From f34fde5129310b5b4ce246c1f3dbd1bc5bb749eb Mon Sep 17 00:00:00 2001
From: swinston <steve@holochip.com>
Date: Mon, 16 Mar 2026 10:43:06 -0700
Subject: [PATCH] Add profiling chapter with CPU/GPU optimization strategies
 and tooling guide

---
 README.adoc                  |   2 +
 antora/modules/ROOT/nav.adoc |   1 +
 chapters/profiling.adoc      | 215 +++++++++++++++++++++++++++++++++++
 3 files changed, 218 insertions(+)
 create mode 100644 chapters/profiling.adoc

diff --git a/README.adoc b/README.adoc
index 72d6f4d..a7fab13 100644
--- a/README.adoc
+++ b/README.adoc
@@ -60,6 +60,8 @@ The Vulkan Guide content is also viewable from https://docs.vulkan.org/guide/lat
 
 == xref:{chapters}validation_overview.adoc[Vulkan Validation Overview]
 
+== xref:{chapters}profiling.adoc[Profiling]
+
 == xref:{chapters}decoder_ring.adoc[Vulkan Decoder Ring (GL, GLES, DirectX, and Metal)]
 
 = Using Vulkan
diff --git a/antora/modules/ROOT/nav.adoc b/antora/modules/ROOT/nav.adoc
index 6fd940a..c3aceeb 100644
--- a/antora/modules/ROOT/nav.adoc
+++ b/antora/modules/ROOT/nav.adoc
@@ -19,6 +19,7 @@
 ** xref:{chapters}development_tools.adoc[]

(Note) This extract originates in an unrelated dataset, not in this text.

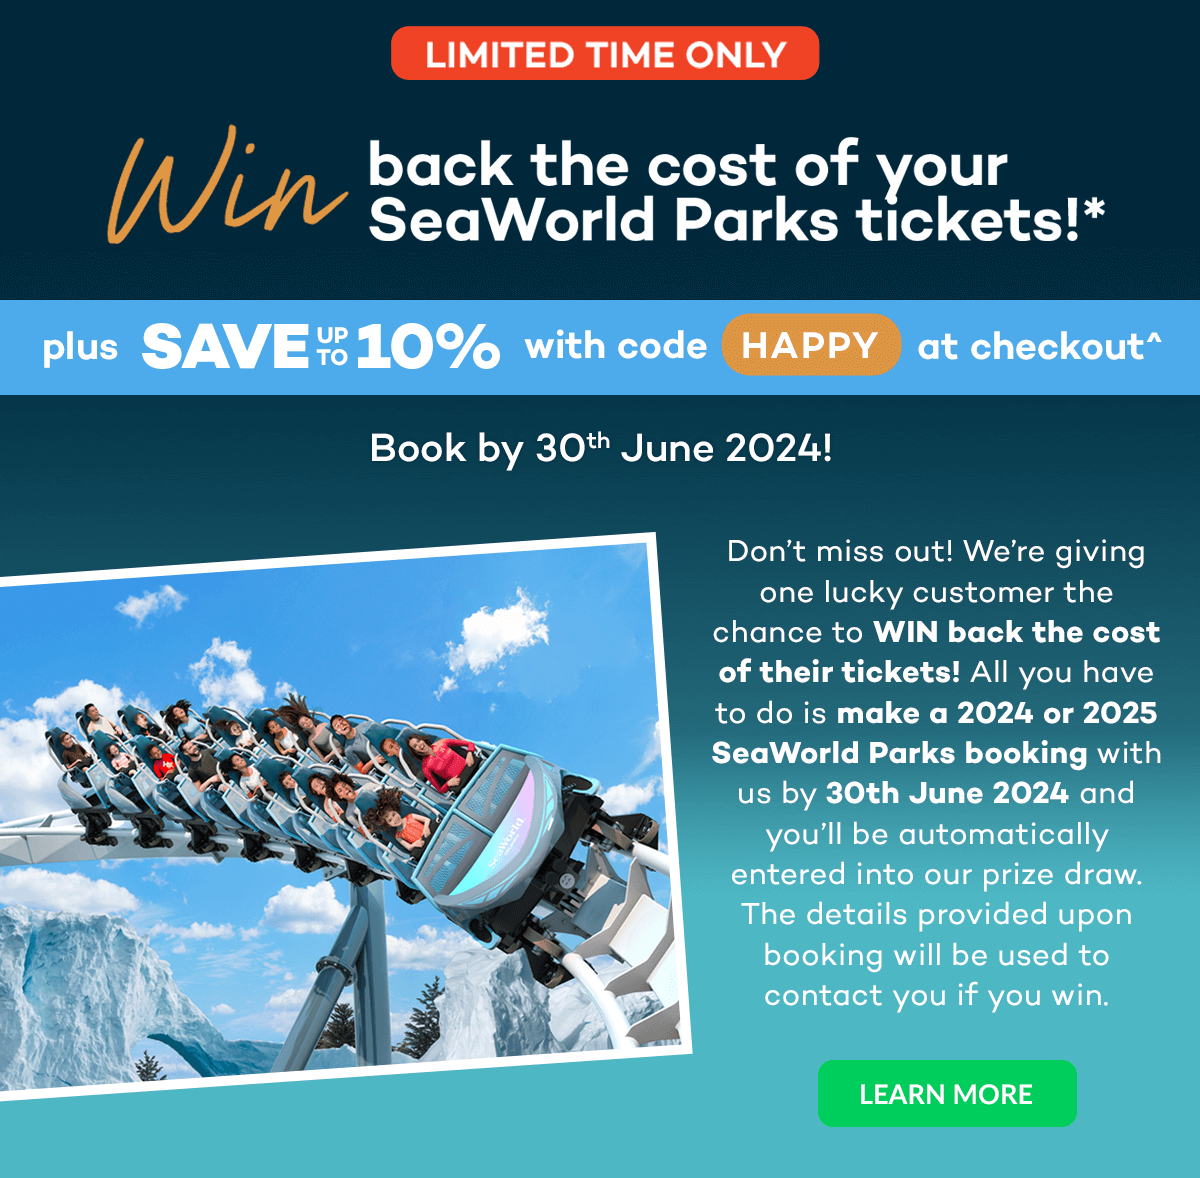 WIN back the cost of your SeaWorld Parks tickets!*

 ** xref:{chapters}ide.adoc[]
 ** xref:{chapters}validation_overview.adoc[]
+** xref:{chapters}profiling.adoc[]
 ** xref:{chapters}decoder_ring.adoc[]
 * Using Vulkan
 ** xref:{chapters}deprecated.adoc[]
diff --git a/chapters/profiling.adoc b/chapters/profiling.adoc
new file mode 100644
index 0000000..129f532
--- /dev/null
+++ b/chapters/profiling.adoc
@@ -0,0 +1,215 @@
+// Copyright 2026 Holochip, Inc.
+// SPDX-License-Identifier: CC-BY-4.0
+
+ifndef::chapters[:chapters:]
+ifndef::images[:images: images/]
+
+[[profiling]]
+= Profiling
+
+Profiling in Vulkan is fundamentally different from traditional graphics APIs. Because Vulkan is an explicit API, the driver performs minimal state tracking and error checking at runtime. This transparency means that performance bottlenecks are rarely "hidden" inside the driver; instead, they are direct consequences of how the application manages resources, records commands, and synchronizes work between the CPU and GPU.
+
+This chapter provides a deep dive into identifying performance issues, using hardware metrics to find root causes, and implementing a robust profiling strategy.
+
+== The Profiling Mindset
+
+In Vulkan, you are responsible for the entire execution timeline. A common mistake is to treat the GPU as a "black box." To profile effectively, you must understand the asynchronous relationship between the CPU and GPU.
+
+*   **CPU Work**: Command buffer recording, descriptor updates, and pipeline creation.
+*   **Submission**: Handing off work to the GPU via `vkQueueSubmit`.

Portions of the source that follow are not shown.